Eric was visiting from Gurnee, Illinois, located near the border of Illinois and Wisconsin. He knows how much I enjoy New Glarus beer, and seeing as it has very limited distribution, he picked up some six packs and headed down. When he arrived, he showed me his mini haul; a six pack of Spotted Cow, a New Glarus classic, and a mixed six pack consisting of Moon Man and a few others.

Being an American Pale Ale (APA) lover, the first beer I wanted to try was Moon Man, and I was not disappointed in the least bit.

moon-man

The appearance of this beer threw me off. It poured rich gold in color, which is a little light in color for the style and there wasn’t much head and the little there was dissipated rather quickly. What saved its appearance rating was the great lacing it left in the glass. Although it may not look exactly like what I think an APA should look like, its appearance is the least important quality of the beer. I rate its appearance as a 3.75/5.

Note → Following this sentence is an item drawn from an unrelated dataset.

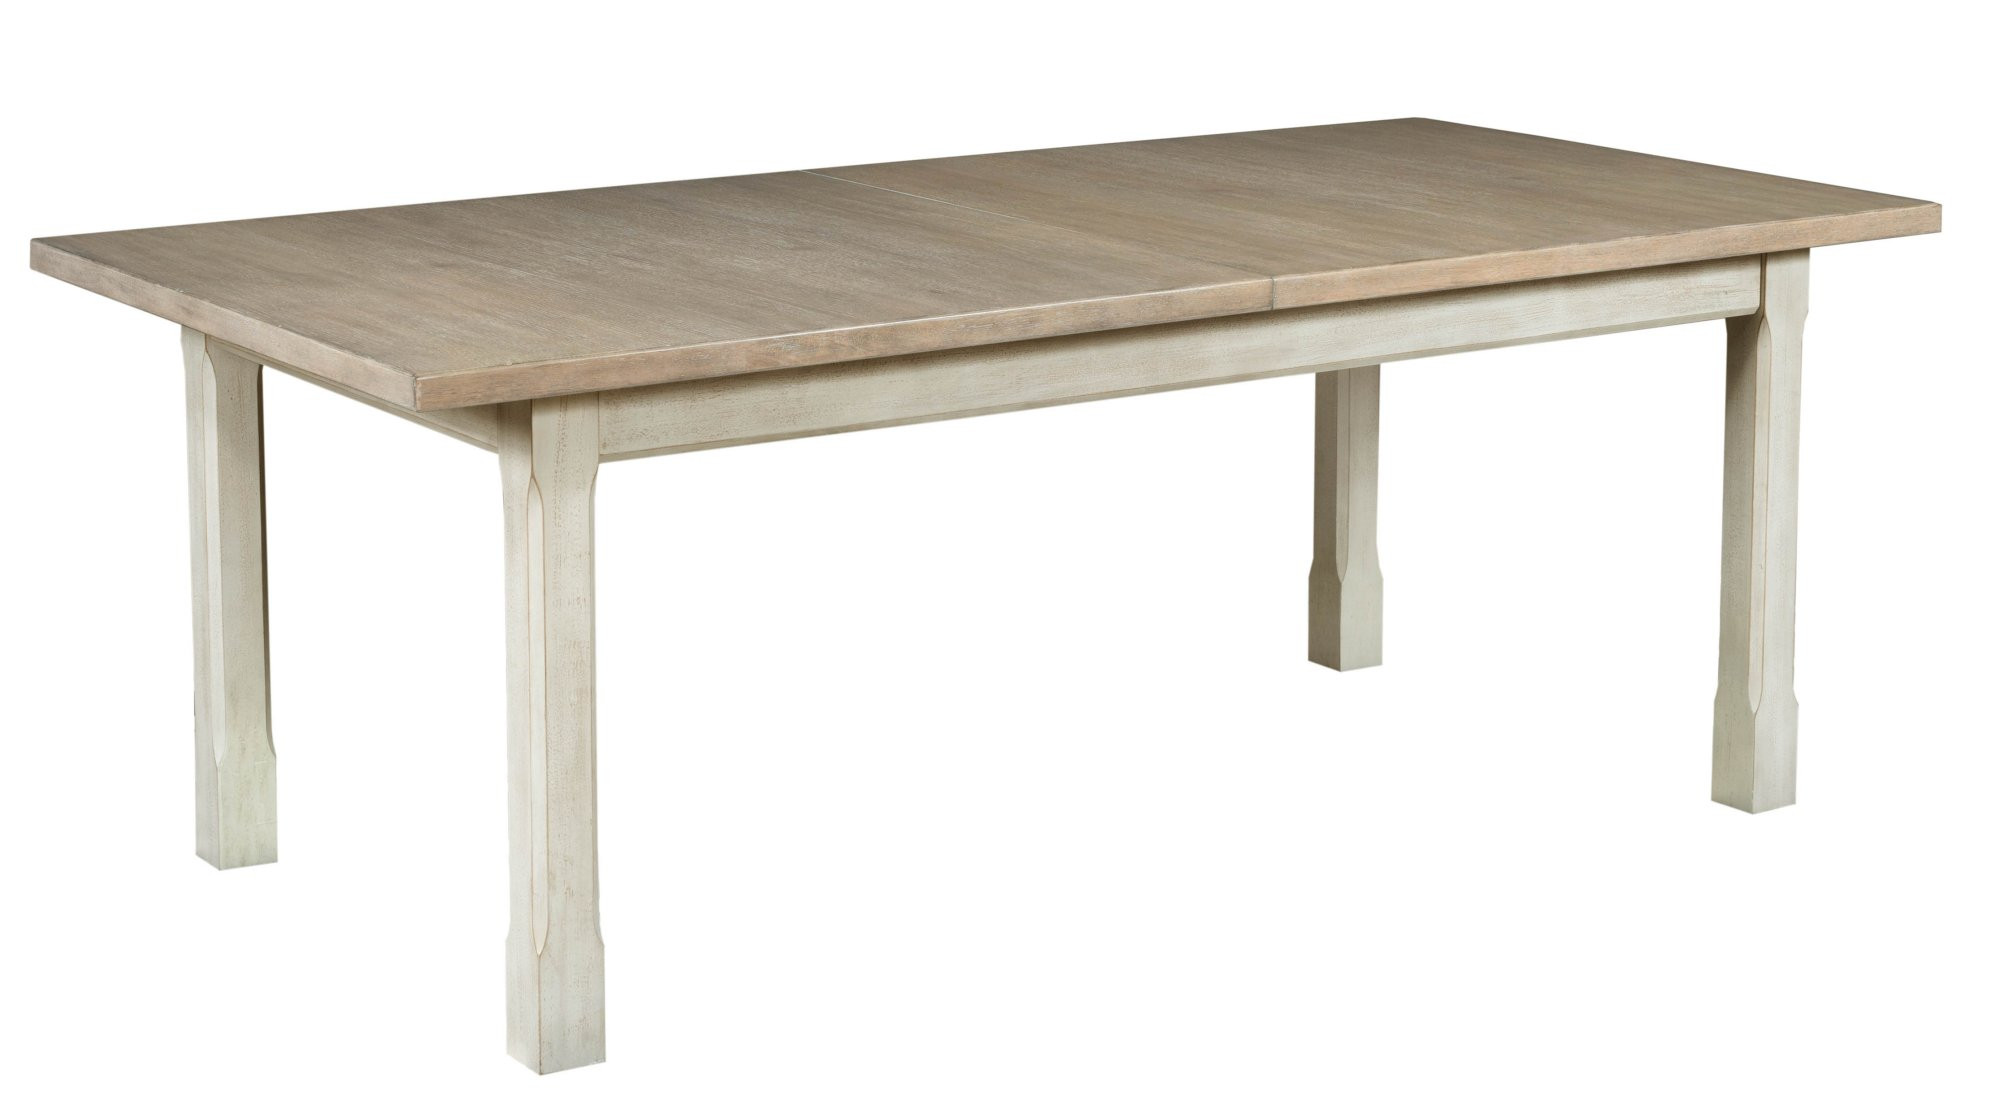 Boathouse Dining Table w/ 2 18 Inch Leaves

As far as aroma is concerned, this one packs a very fruitful, floral aroma. Some citrus notes – grapefruit, I believe. Very bold. Not very piney, which is a characteristic common in APAs, but I was completely OK with that. This beer gets a 4.5/5 for its fresh floral and citrus aroma.

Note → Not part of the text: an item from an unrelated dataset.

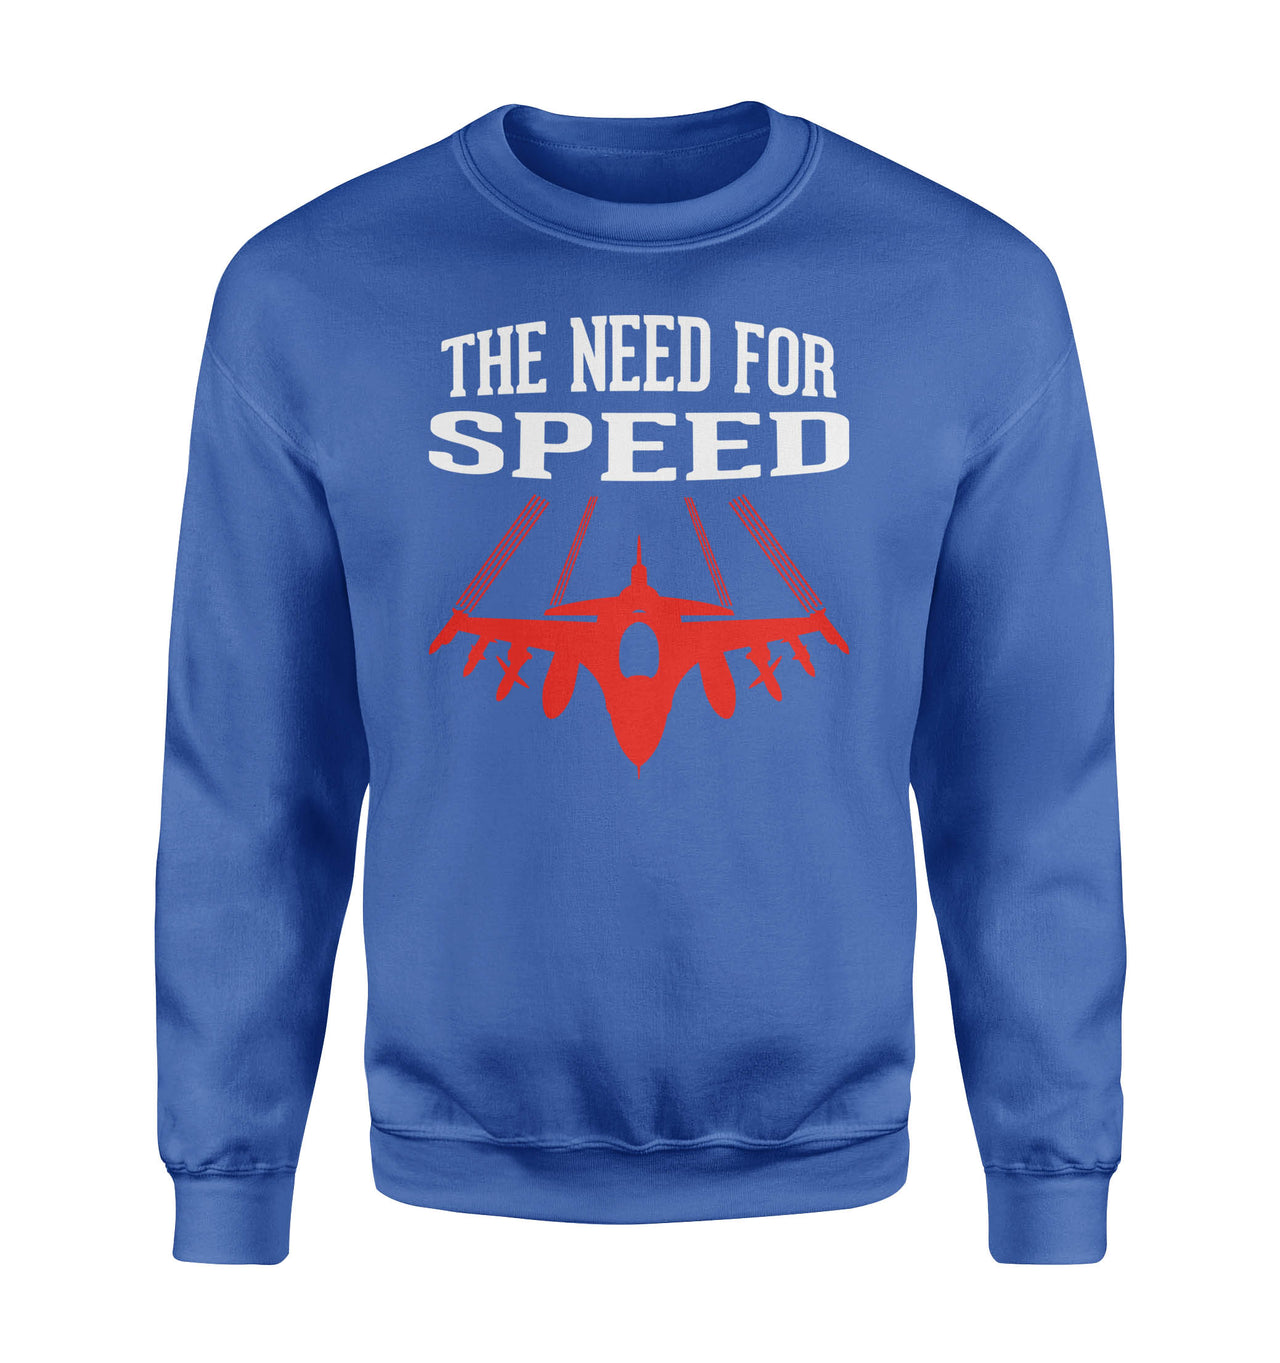 The Need For Speed Designed Sweatshirts

Regarding taste, balance is the name of the game with this brew. It has a very sweet malt profile that contradicts the hops. It’s definitely not the hoppiest pale ale out there by any stretch of the imagination. You get the sweetness up front that is finished off with an acute burst of hops on the way down. Not too sweet, not too bitter – BALANCED. This one easily earns a 4.5/5 for taste.

When drinking, this is a very smooth beer. It leaves a hint of dryness on the back half, but overall it’s very crisp and nicely carbonated. For the mouth feel I’d say it deserves a 4.25/5.

MoonMan-cropped

Overall: I was incredibly surprised by this brew. Moon Man is fully unassuming and a phenomenal representation of the style. APAs are my favorite, and this one is at the top of my list. Moon Man has a nice malty presence that works well with the hops providing perhaps one of the most balanced beers I’ve ever had. This is a great beer and one that I feel may be under-appreciated due to its limited distribution. If I lived in Wisconsin, I’d be drinking this every day. As an overall grade, I rate this beer a 4.5/5.

Update: Although I had this beer a couple of months ago, I went recently to Wisconsin and stocked up on it. It’s a beer I will buy whenever I can get my hands on it, and I highly recommend that you do the same. Although it may not be a total hop bomb, it’s a cool, relaxed beer that plays to the characteristics of its style. I am very grateful that Eric shared this beer with me, and I hope my recommendation will influence anyone reading this to give it a try.

Eric and I are in the process of creating a blog dedicated to our love of craft beer and we have an Instagram exclusively for our journey through the world of craft beer. If you want to check us out, you can find us on Instagram @maltedhopballs.

Ryan Moyer

Ryan is a graduate of the University of Indiana.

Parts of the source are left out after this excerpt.